Clémentine Bobin complained to IPSO that The Times had breached Clause 9 (Reporting of crime) in an article headlined “Banker left glamour model for new life”. The article contrasted the student days in England of Rurik Jutting with the circumstances of his arrest for murder in Hong Kong. It was accompanied by three photographs, the largest of which depicted Mr Jutting standing next to Bobin with his arm around her, captioned as “Rurik Jutting as a Cambridge student at 21, with a friend”. The other photographs showed one of his alleged victims and a former girlfriend.

The photograph had been taken in 2006, when Bobin was a young co-worker of Mr Jutting, after which period she had had no contact with him. Although it had not named her, it had clearly identified her to friends, family and colleagues, which was intrusive and upsetting.

The Times argued that in light of the allegations against Mr Jutting, there was a public interest in examining his life; the photograph served to illustrate the apparent transformation of his circumstances. The caption referred to Bobin’s past connection to Mr Jutting, but she did not remain his “friend”.

Clause 9 of the Code states that relatives or friends of persons convicted or accused of crime should not generally be identified without their consent, unless they are genuinely relevant to the story.

IPSO held that regardless of the true nature of their connection, the caption to the large and prominent photograph described Bobin as a “friend” of Mr Jutting. The article asserted a direct association between Bobin and Mr Jutting, in a manner that squarely engaged the terms of Clause 9.

Accordingly to avoid a breach of the Code, the Times needed to show it was justified in identifying Bobin, either because she was genuinely relevant to the story, or because – regardless of her relevance – there was a public interest which justified publication.   In upholding the complaint IPSO held that the article had made no reference to her, and she was plainly not personally relevant to the story. No public interest could reasonably be regarded as justifying the intrusion into her life caused by so prominently and publicly associating her with an alleged criminal.
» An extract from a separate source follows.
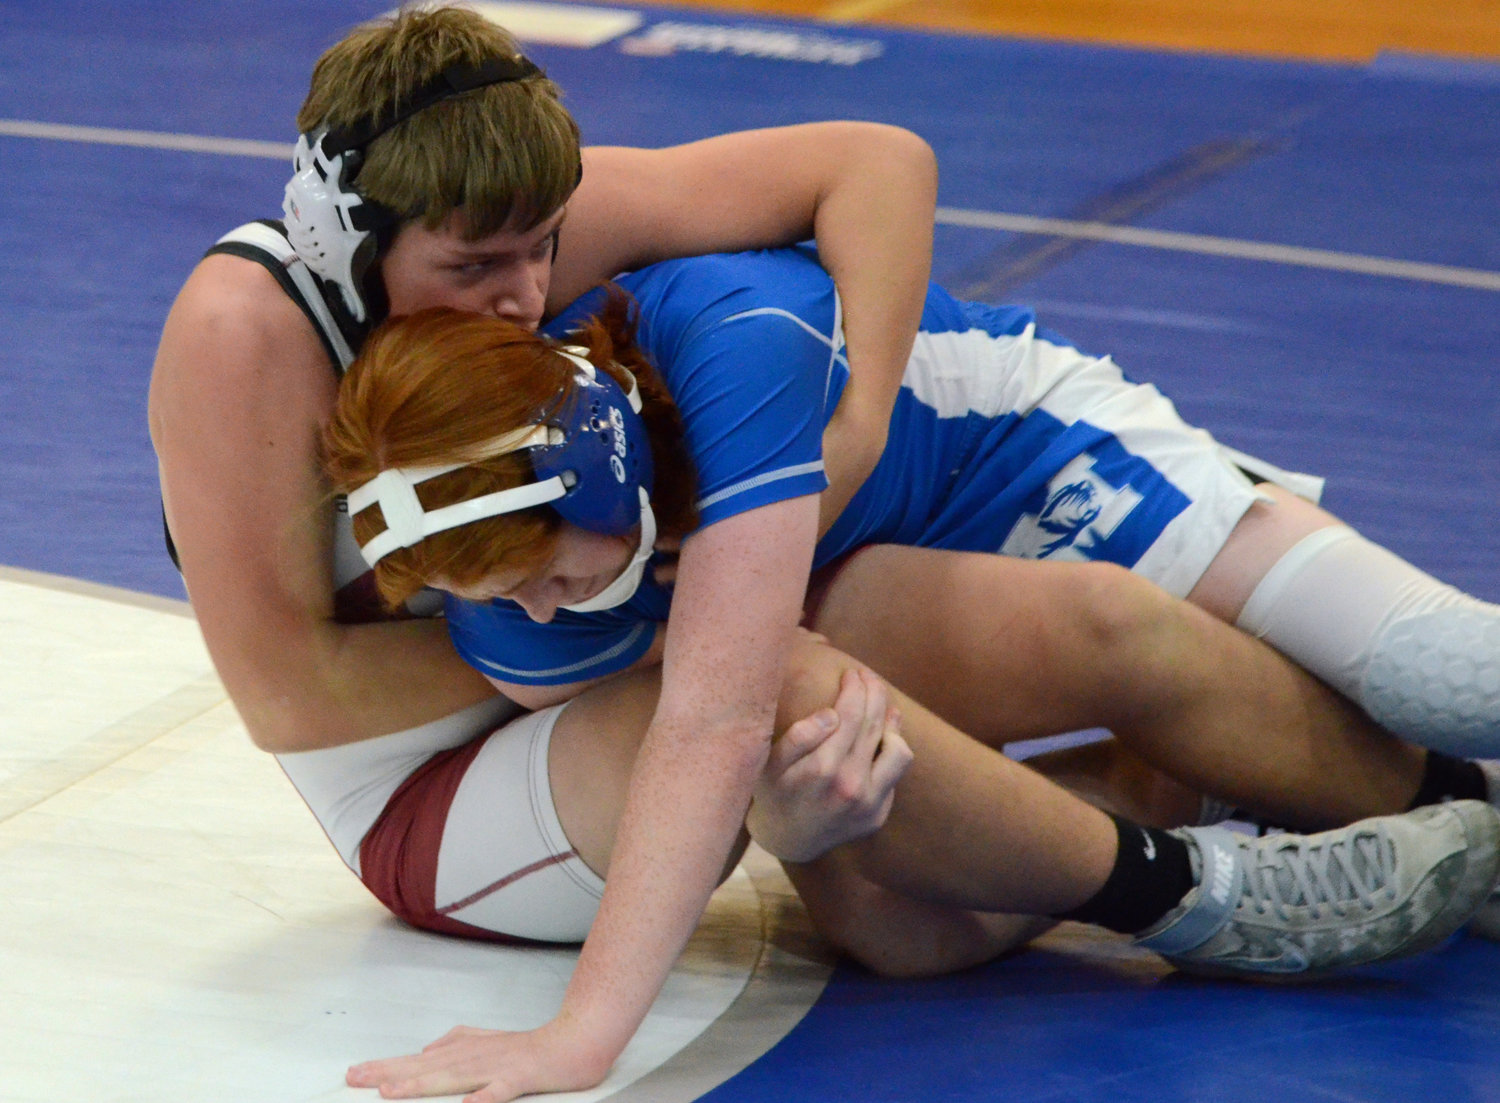 Cornersville’s Caden Bush battles with Ryan Bentley from Marshall County High School in the 138-pound weight class.

What is perhaps most alarming from a publisher’s perspective is that IPSO reached this decision despite holding that the Times hadn’t breached clause 3 of the Code relating to privacy. Bobin had no reasonable expectation of privacy in relation to the picture that had been published on a Facebook page

I suspect that in future cases, which might involve a breach of clause 9, that rather than try and justify public interest, the newspapers’ pixilation departments will become busier airbrushing friends out of history.